Un poème de Chesterton dédié à Hilaire Belloc

Nous avons récemment consacré plusieurs articles à Hilaire Belloc, le talentueux ami de G.K. Chesterton, à la fois si proche par leurs communes idées et si différent de caractère et  d’attitude devant la vie. Quand en 1904 Chesterton – âgé de 3O ans – publie son premier roman, Le Napoléon de Notting Hill, il le débute par un poème adressé à Hilaire Belloc. Cette dédicace est composée de cinq strophes de huit vers chacune. Les allusions sont nombreuses à la vie de deux amis, notamment au Sussex où a vécu Belloc quand il était enfant et où il vivra à nouveau à partir de 1906 ou le Château-d’eau de Campden Hill, clin d’œil à l’enfance de Chesterton. Si l’un est un enfant de la campagne, l’autre vient de la ville et restera à jamais un citadin.  Présent aussi dans ce poème l’évocation de Dieu et l’allusion aux idées communes et au combat commun. Chesterton n’hésite pourtant pas à évoquer Nelson comme symbole de l’Angleterre immortelle, mais, vis-à-vis de son ami d’origine française, il se rattrape avec Austerlitz. Si Belloc fut d’abord particulièrement lié à Cecil Chesterton, le jeune frère de G.K. C., il devait devenir l’un des grands amis de ce dernier jusqu’à la mort de Gilbert en 1936. Dans ce poème, la philosophie de Chesterton apparaît déjà.

 

 

 A Hilaire Belloc

 

Pour chaque ville, pour tout endroit,
Dieu fit les étoiles spécialement.
Les enfants les regardent d’un air effaré,
Les voyant prises dans les branches d’un arbre.
Vous avez vu la lune du haut des dunes du Sussex,
Une lune de Sussex que nul encore n’avait explorée;
Celle que je vis était urbaine,
C’était le plus grand des réverbères de Campden Hill.

Oui, le Ciel est partout chez lui,
Ce grand chapeau bleu qui passe à toutes les têtes,
Et il en est de même (patience, ils touchent
Au but enfin, mes esprits égarés),
Il en est de même de l’héroïsme :
Il ne prendra fin qu’à la fin du monde,
Et en dépit des tristes machines qui tournent,
Ne craignez rien, mon ami.

 

Il n’a pas pris fin au tombeau de Nelson
Où se tient une Angleterre immortelle,
quand vos jeunes hommes élancés, tour à tour,
coururent boire la mort, tel un vin, à Austerlitz.
Et tandis que des pédants nous faisaient observer
Tel événement qui froidement, mécaniquement
Devait arriver, nos âmes murmuraient dans l’ombre
« Possible, mais il ne manque pas de choses plus probables »

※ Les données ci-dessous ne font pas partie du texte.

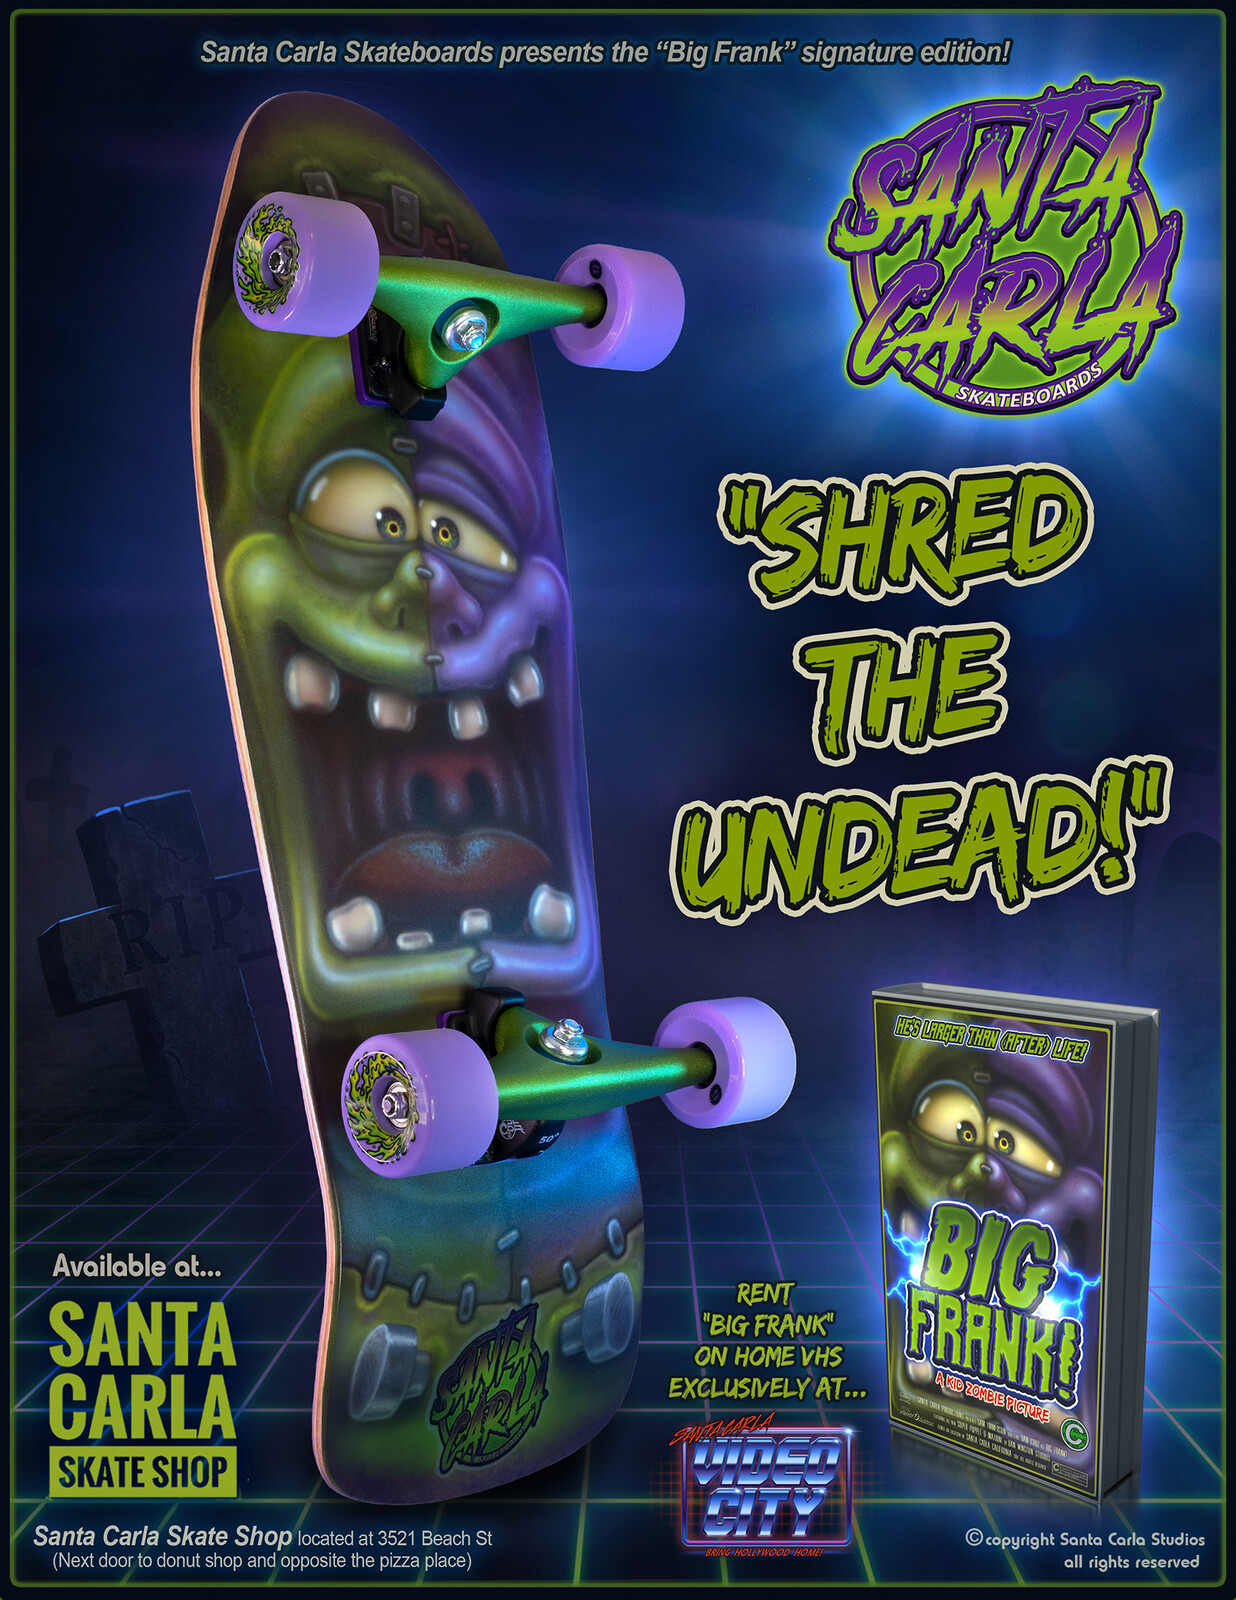 This is my first Santa Carla Skate Shop and Video City cross-over!

Bien plutôt, parmi ces mornes étendues,
Tristes et nivelés, qui se prolongent au loin,
Le tonnerre des tambours jouera la valse de la guerre
Et la mort dansera avec la Liberté !
Bien plutôt les barricades flamboyantes lanceront
Le carnage à leurs pieds et la fumée au ciel,
La mort et la haine et l’enfer proclamant
Que les hommes ont trouvé quelque chose à aimer !…

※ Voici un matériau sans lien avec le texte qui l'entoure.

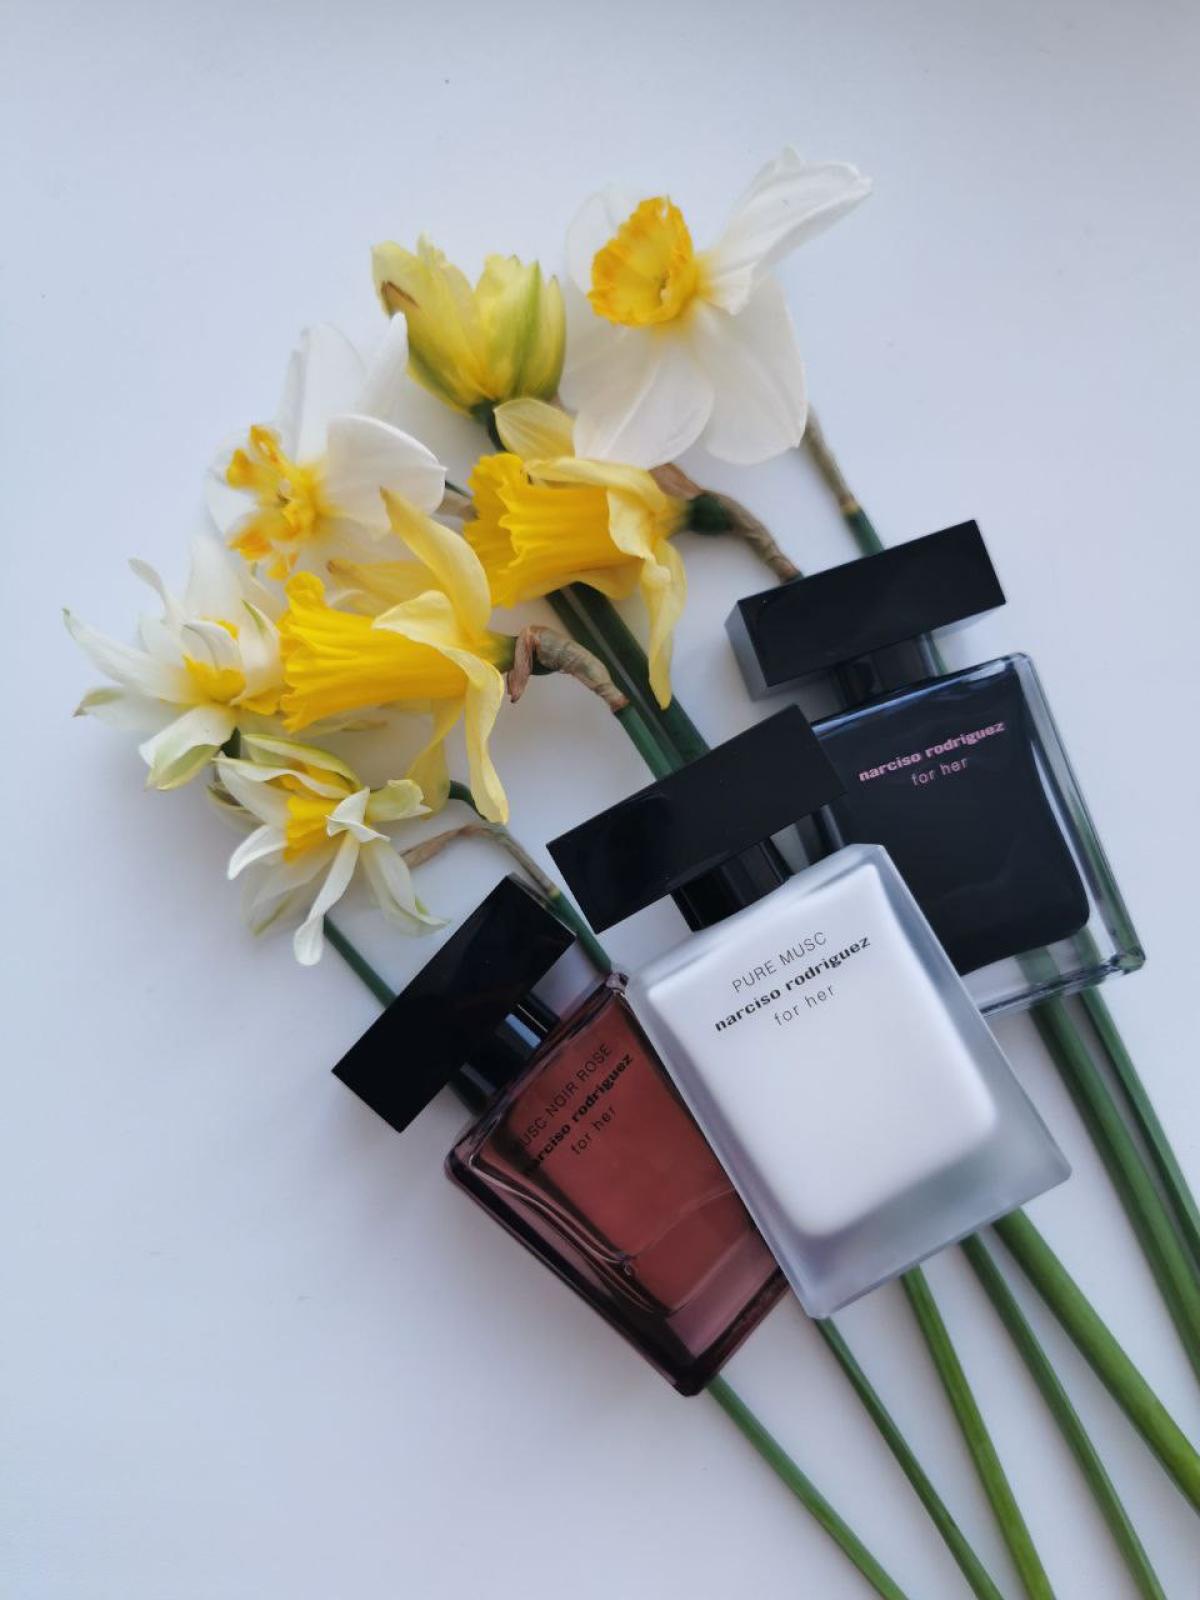 Narciso rodriguez musc noir rose. Нарциссо Родригес Musk Noir Rose for her. Narciso Rodriguez for her Musk Noir Rose. Narciso Rodriguez Musk for her Rose.

Loin de vos plateaux ensoleillés,
J’ai vu la vision : Les rues que je suivais,
Ces rues droites et éclairés fuyaient et rejoignaient
Les rues étoilées qui vont vers Dieu.
Cette légende d’une heure épique,
Enfant, je la rêvais, et je la rêve encore
Sous le grand et gris Château-d’Eau
Qui, dressé sur Campden Hill, atteint les étoiles.